Who are the people who need to be involved in that process, do you think? The oversight?
 
I would have thought maybe ethical committees would be in a place, a position to do that, because they would have an overview of all of the research that is going on in a particular locality. But that also needs to be joined up nationally, and possibly globally as well, I guess.
 
And more patient involvement in that, do you think?
 
Ideally, yeah - but I think it’s really difficult for people to understand the ins and outs of research and the methodologies that are involved. It’s a complicated business that is sort of beyond the reach of the mental powers of most mortal people, I would say, including myself. I don’t pretend to understand - particularly statistical analysis and how data is manipulated, which makes a mockery of a lot of RCTs [Randomised Controlled Trials] anyway, you know, because you can make results show what you want them to show to a great extent - and even if you don’t make the results, even if you do it completely by the book, you still have to use terms and phrases and statistical concepts that most people don’t understand. Like, what’s it called? I should know this, I did A level statistics, I should know a little bit about this. The confidence interval - the chances of a particular set of data coming about by chance. And you have to be able to grasp that concept to understand whether the statistical data that has come about is likely to be meaningful or not. That’s complicated stuff for mathematicians, not most healthcare workers, I would say. 

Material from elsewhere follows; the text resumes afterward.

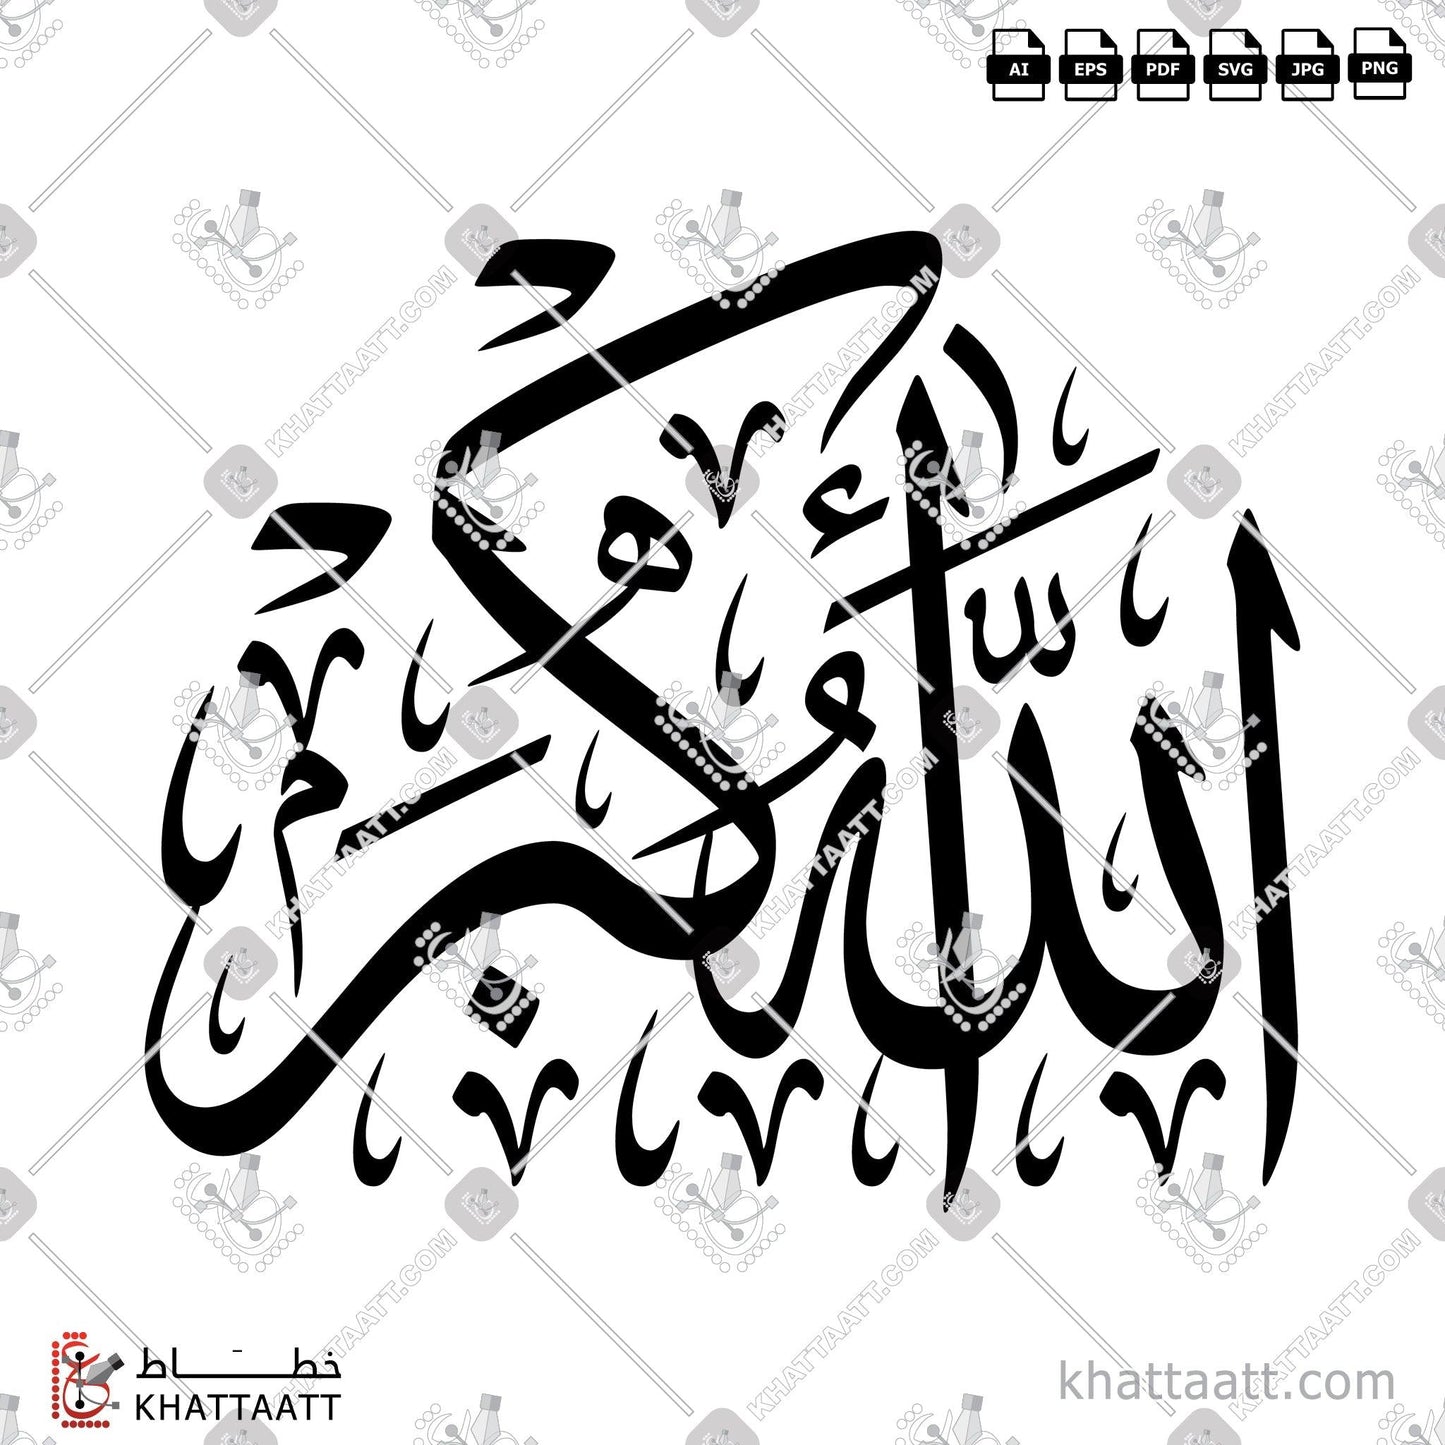 Download Arabic Calligraphy of ALLAHU AKBAR - الله أكبر in Thuluth - خط الثلث in vector and .png

Others felt that most people could instinctively grasp the principles of clinical trials, provided they are given clear explanations. As Amanda said, “I do a lot of training of patients, teaching the public, and people are quite capable of understanding, you know, if you just talk to them sensibly. People have no problem with understanding this at all.” Hazel agreed.
 

Hazel feels passionately that the public needs better information about trials. The need to...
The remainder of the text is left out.